> _Data supplied_:
-- -- --

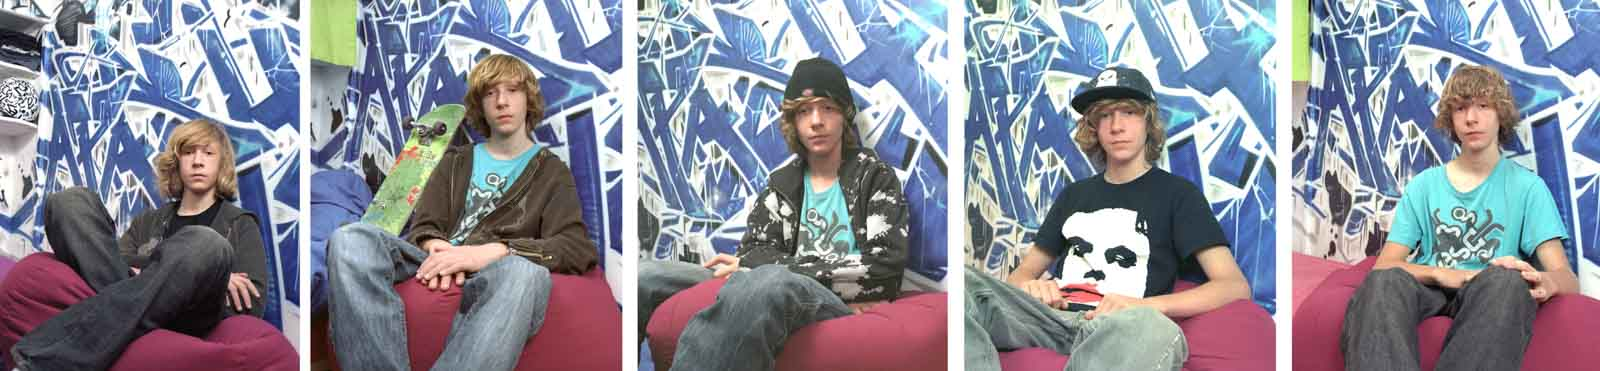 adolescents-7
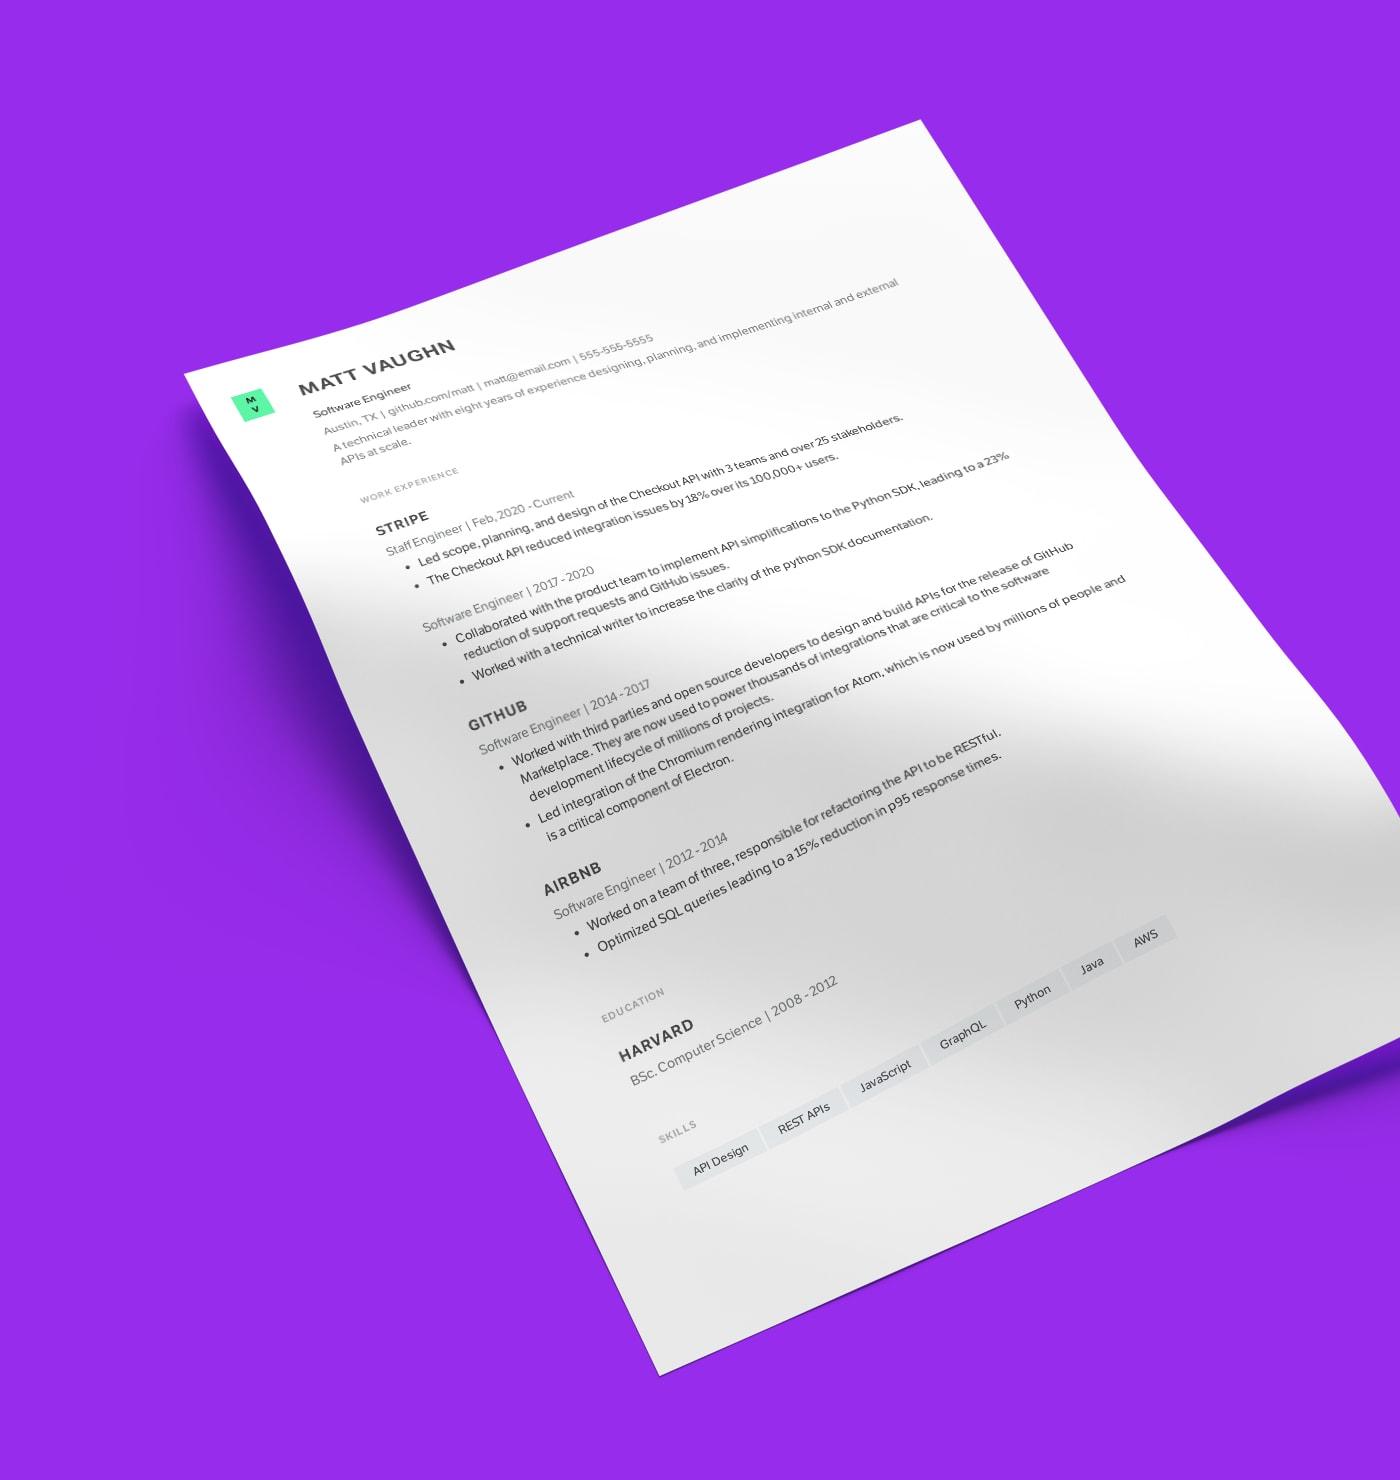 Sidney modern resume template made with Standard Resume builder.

-- -- --

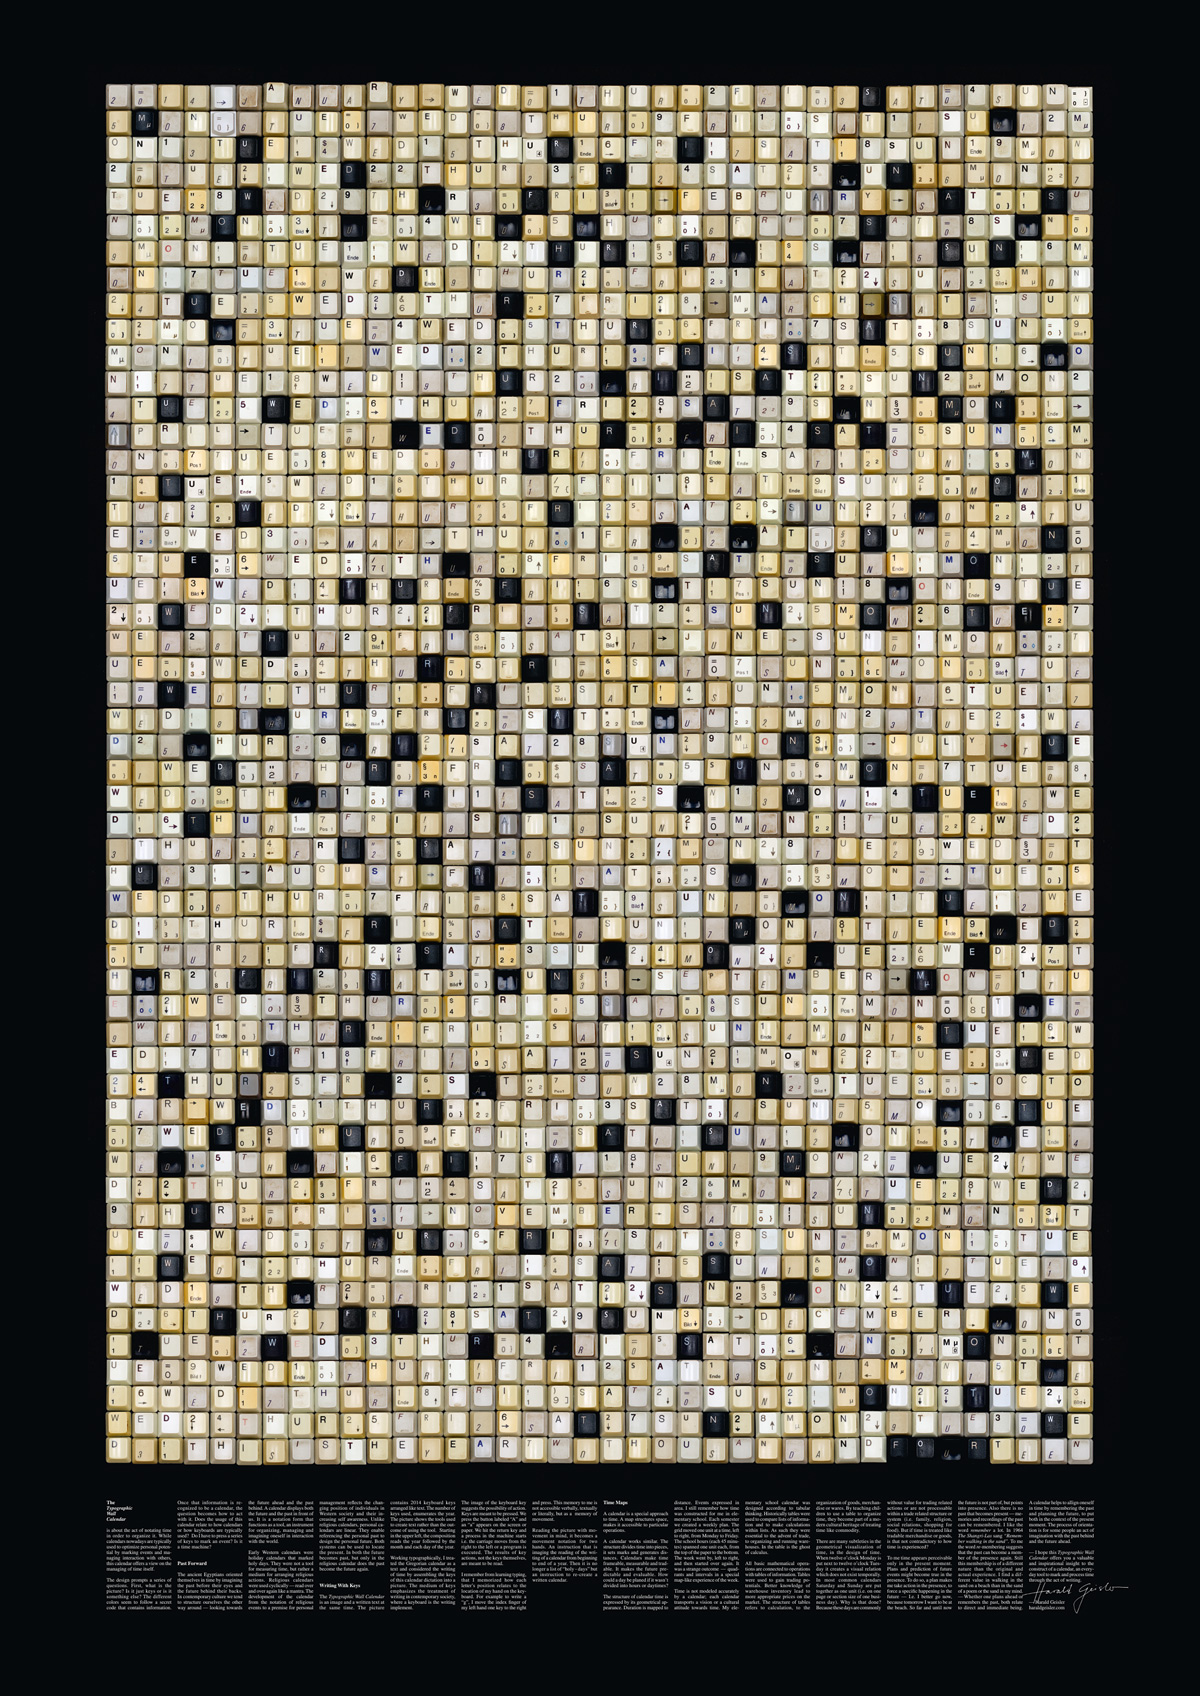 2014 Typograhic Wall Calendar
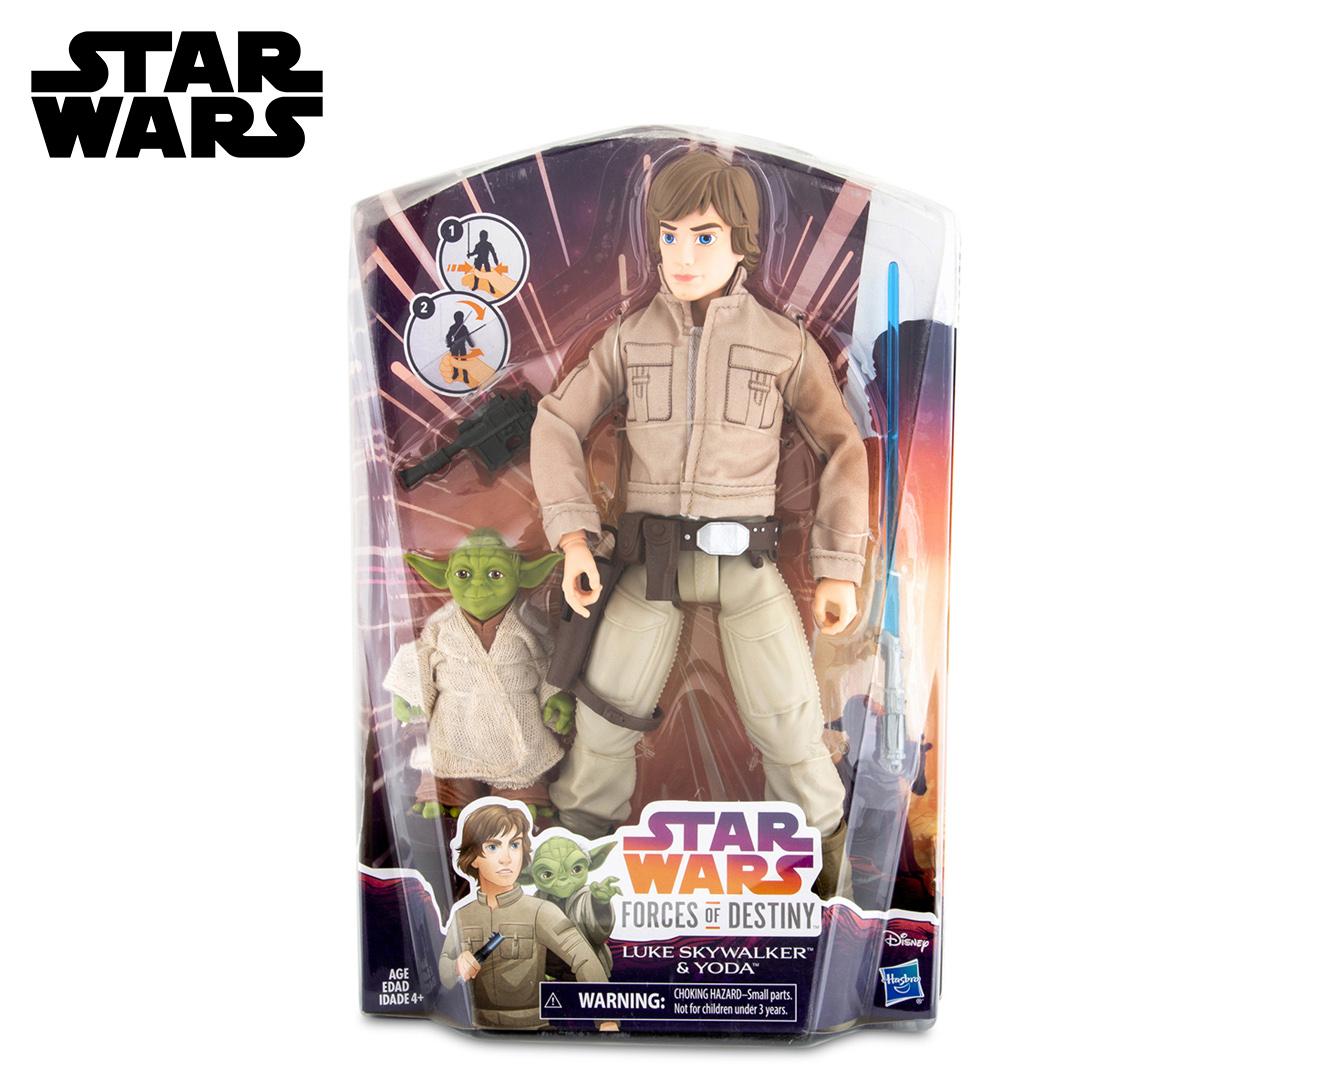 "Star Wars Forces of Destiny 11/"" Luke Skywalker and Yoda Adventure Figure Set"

-- -- --

> _What needs to be done_: Using the entries above, repeat exactly the lines from the one with "adolescents-7" to the one with "Sidney modern resume", both included, and leave the pictures behind.

> _Exercise output_:
 adolescents-7
 Sidney modern resume template made with Standard Resume builder.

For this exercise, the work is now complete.